=== Record extracts ===

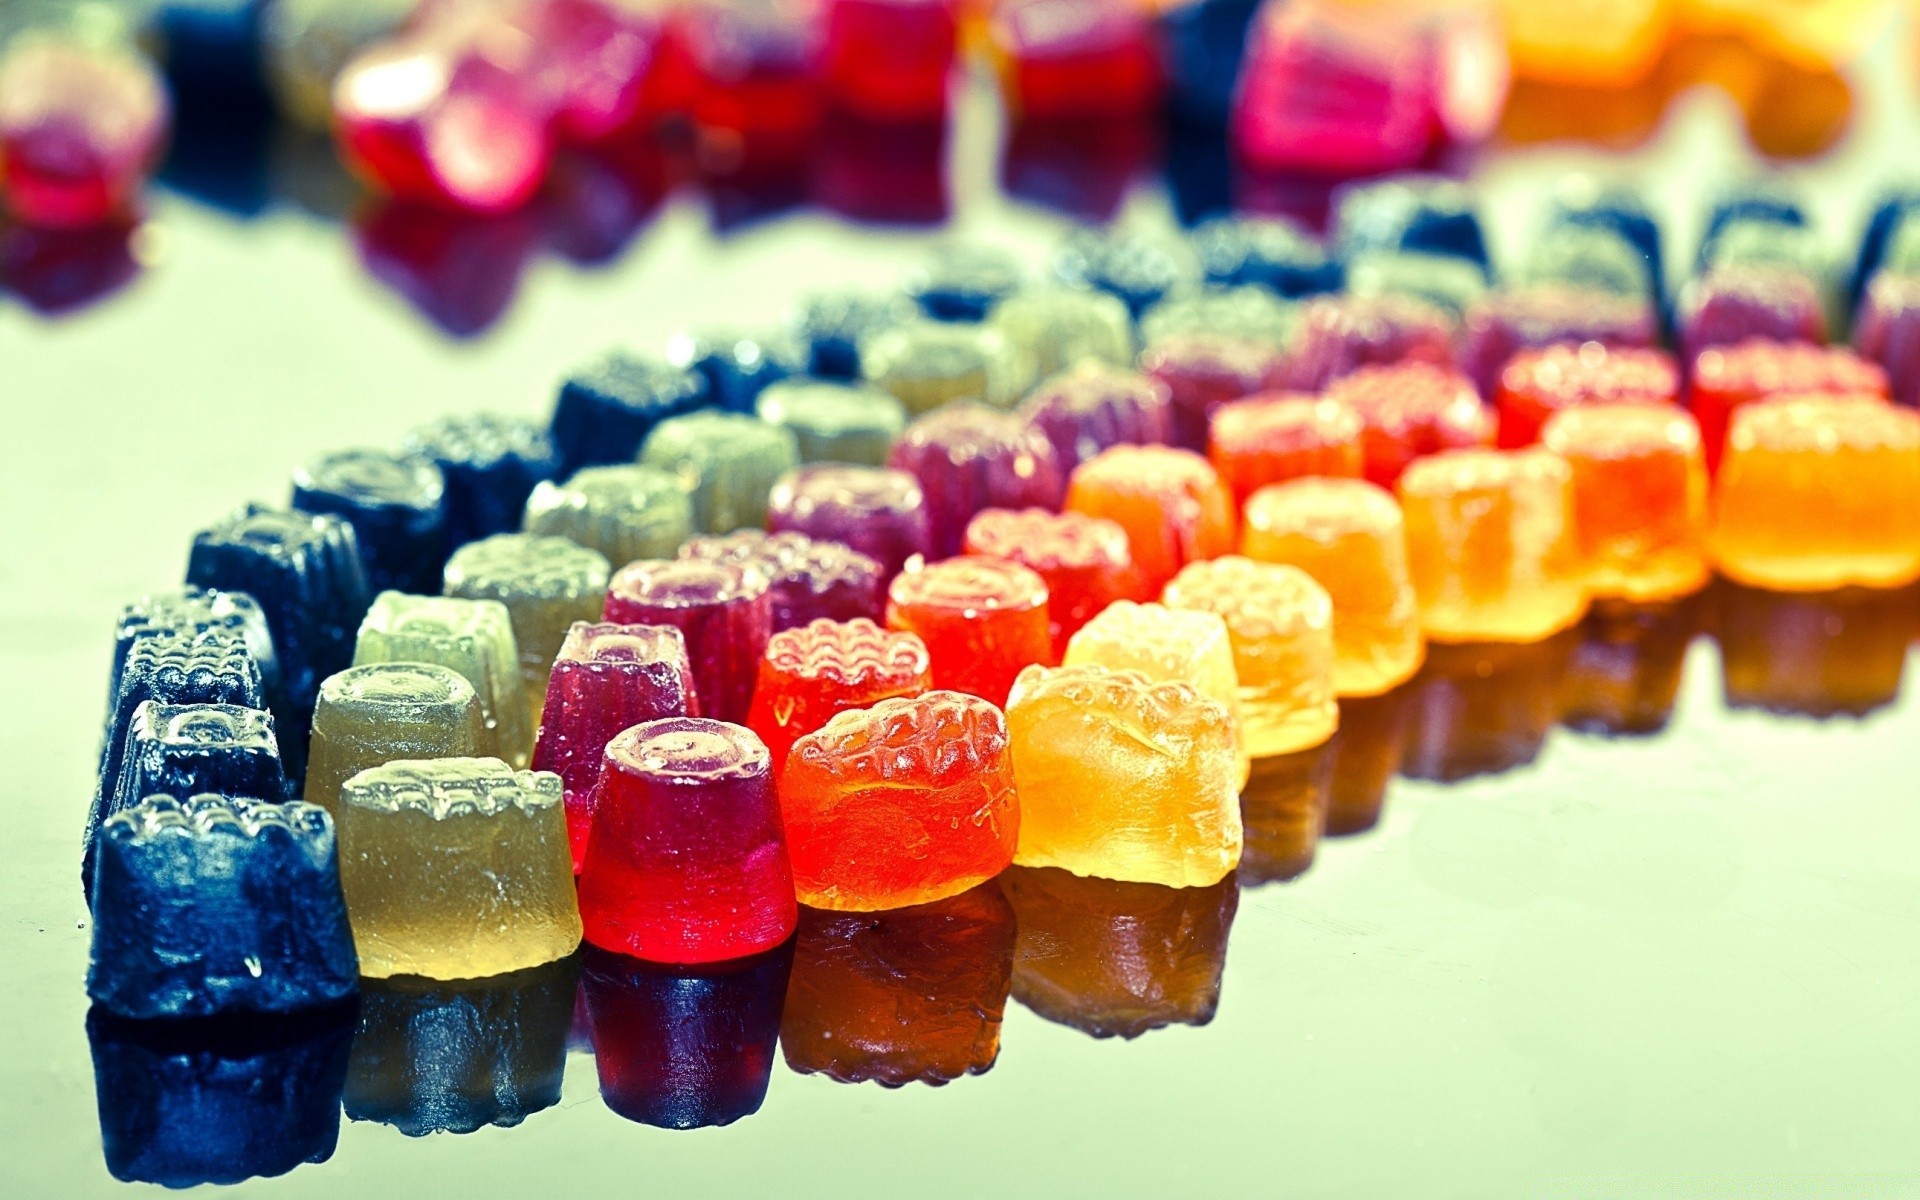 food & drink candy food kind sugar color motley desktop gelatin delicious confection close-up
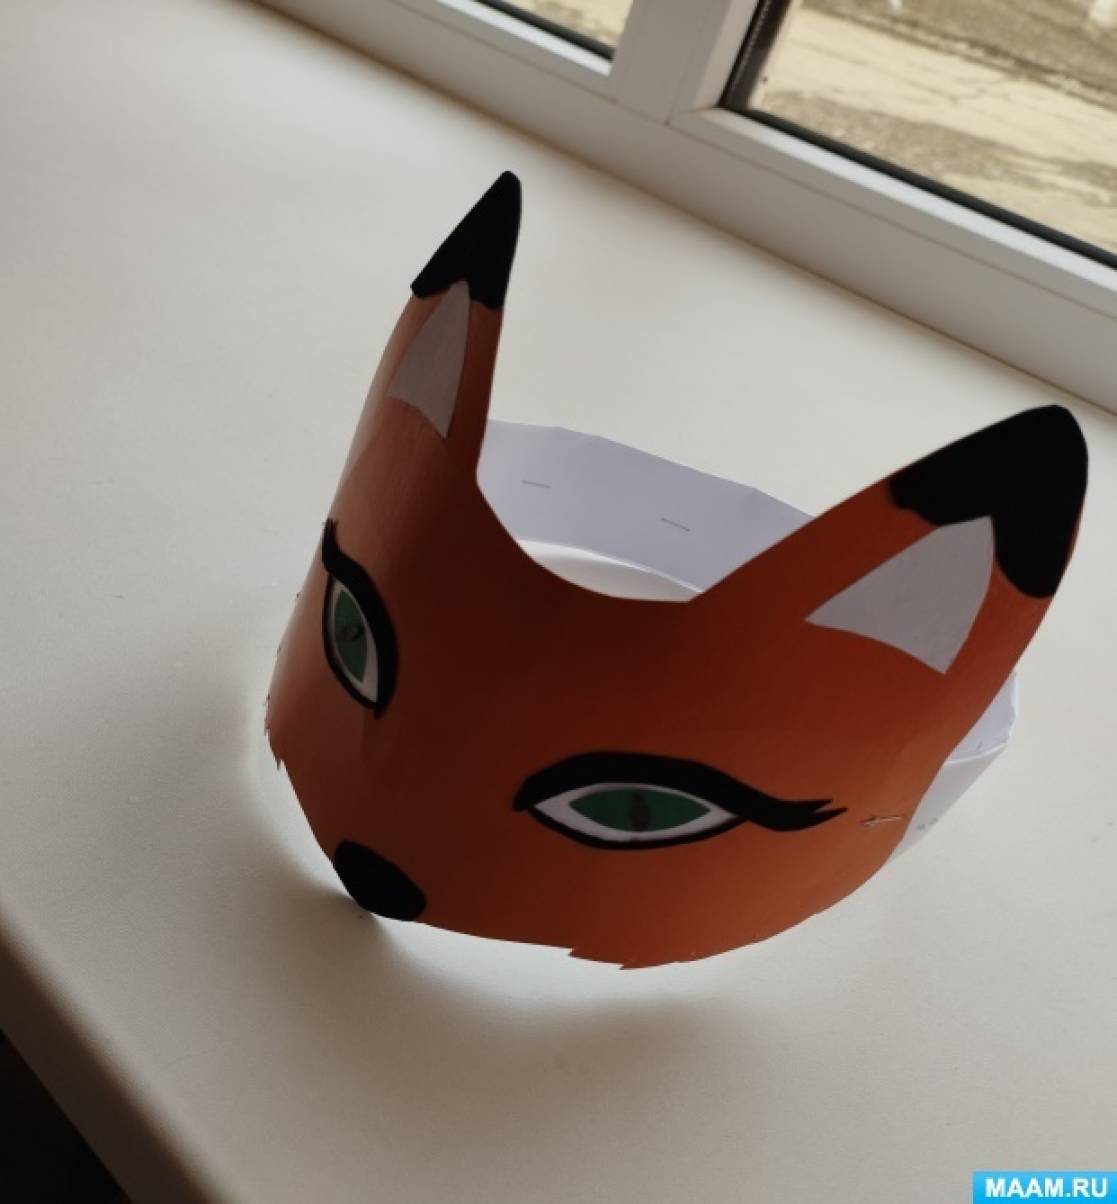 Что надо для создания маски лисы?
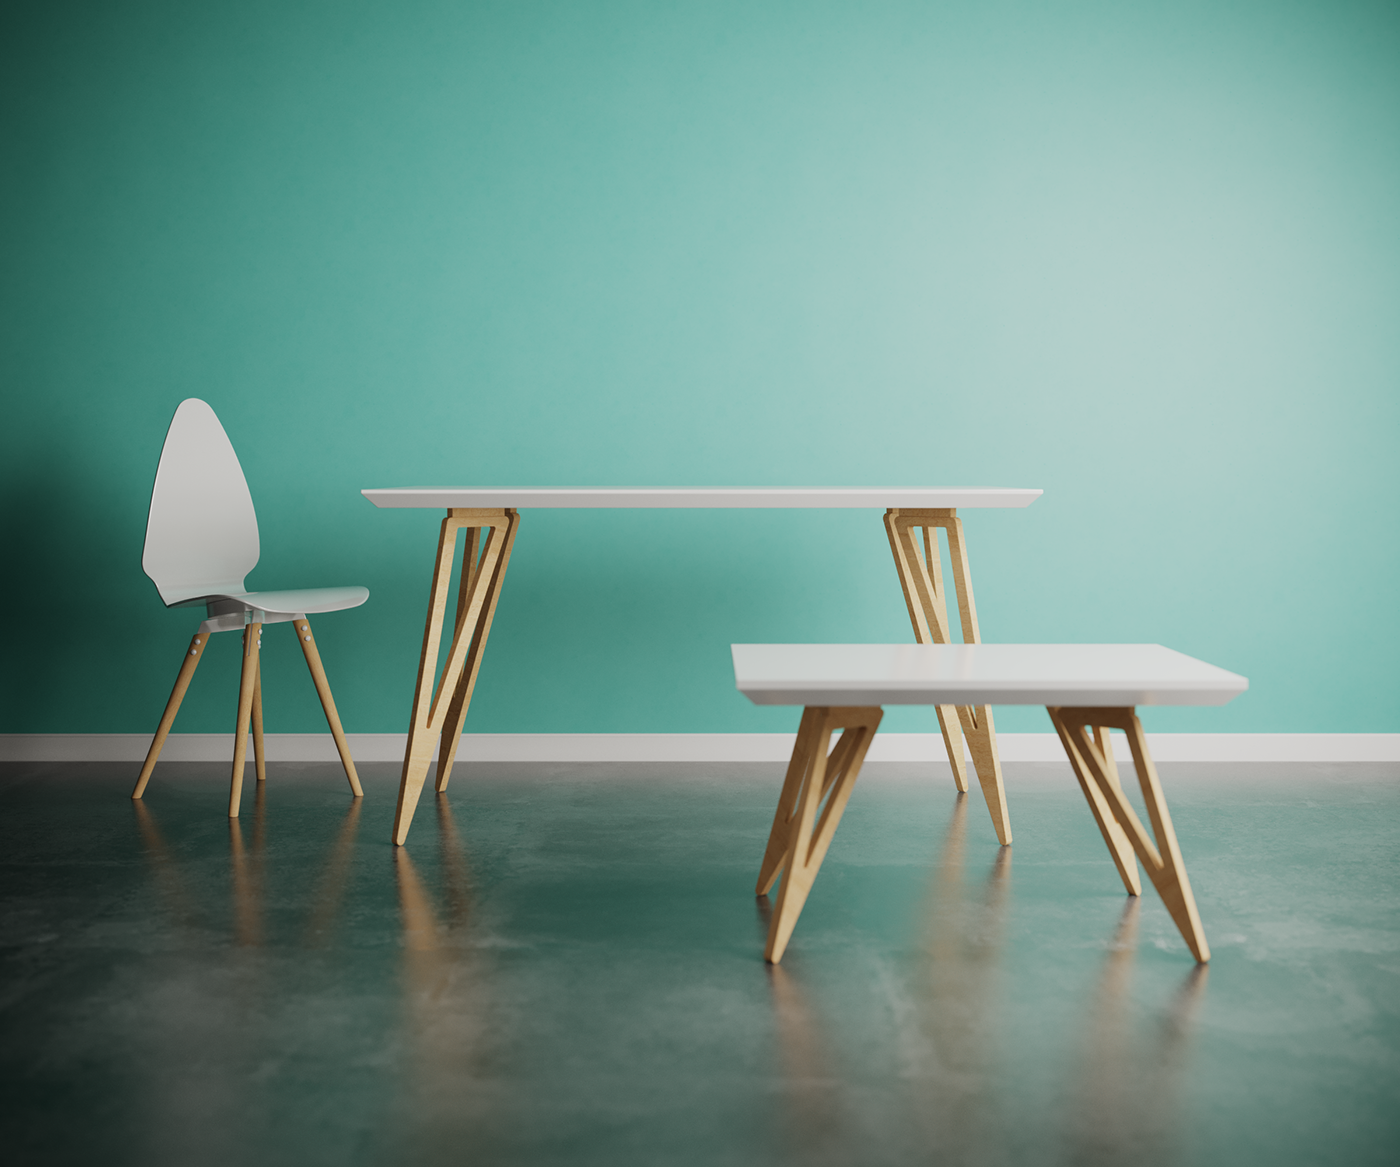 CGI furniture corona Render rendering 3d modeling interior design  product design  Charlie Pommier
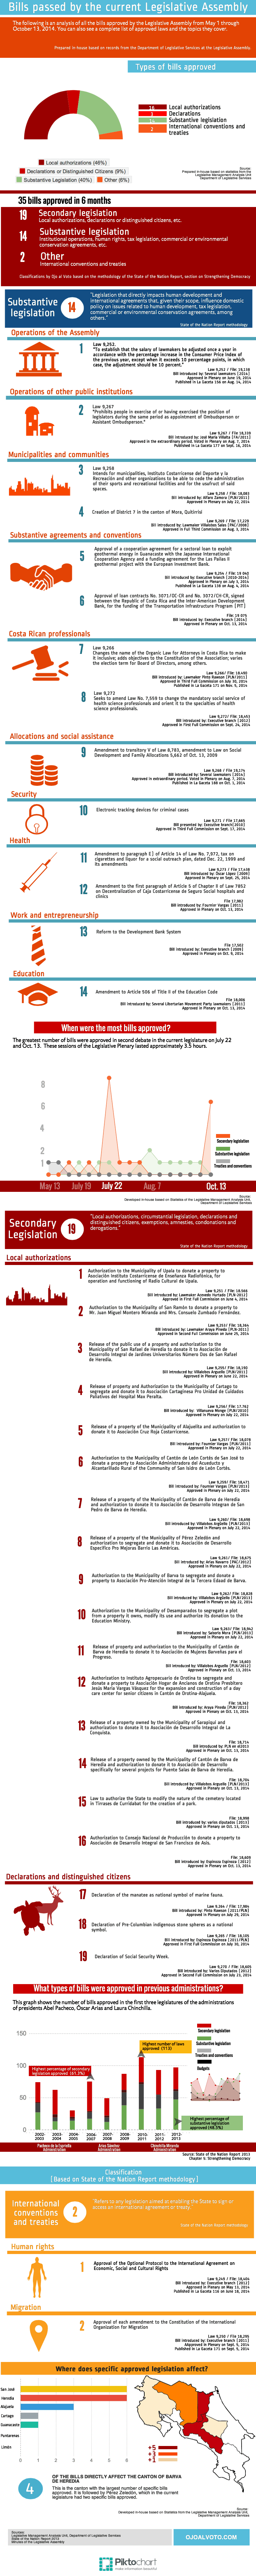 LegislativeBills
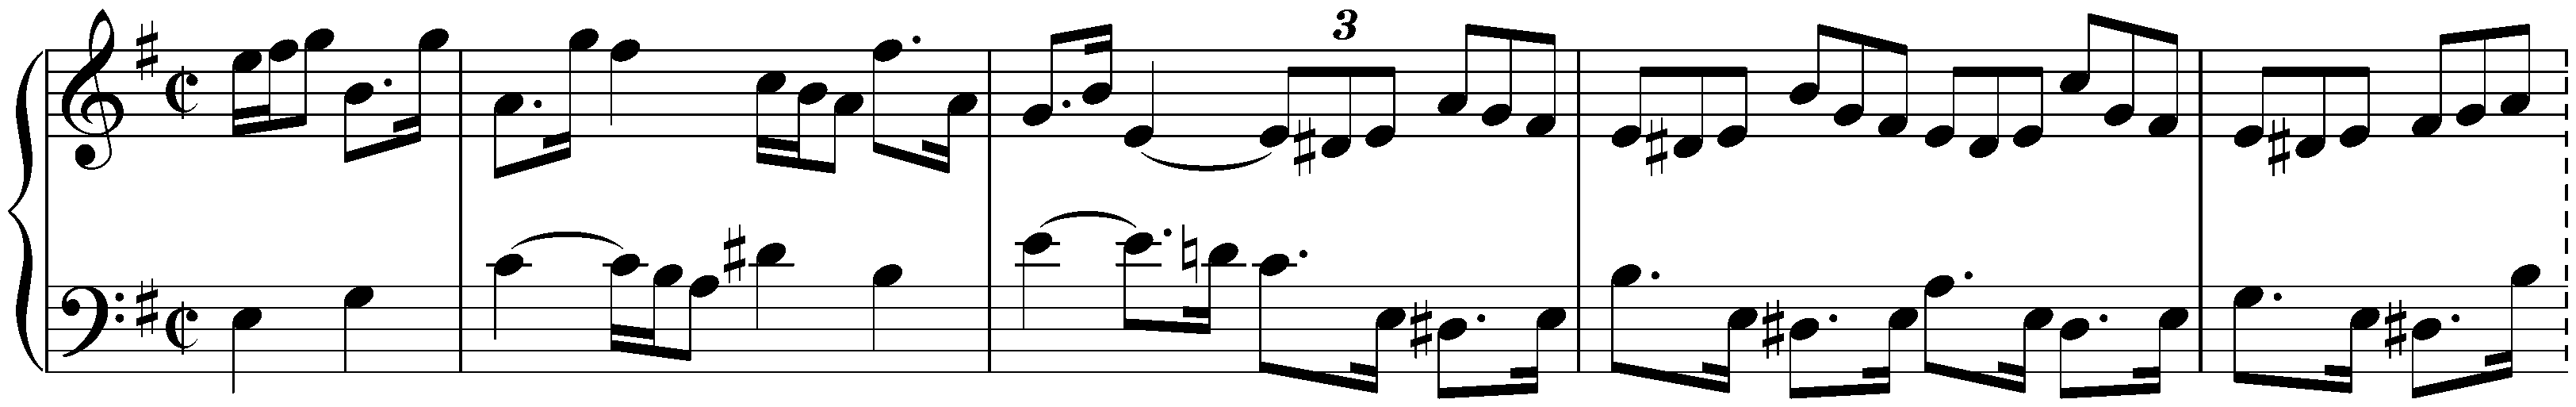 Partita no. 6 in E minor, BWV 830; 6. Tempo di Gavotta

===

• [What is expected]: Restate each entry word for word; pictures stay out of the copy.

• [Response to this exercise]:
 food & drink candy food kind sugar color motley desktop gelatin delicious confection close-up
 Что надо для создания маски лисы?
 CGI furniture corona Render rendering 3d modeling interior design  product design  Charlie Pommier
 LegislativeBills
 Partita no. 6 in E minor, BWV 830; 6. Tempo di Gavotta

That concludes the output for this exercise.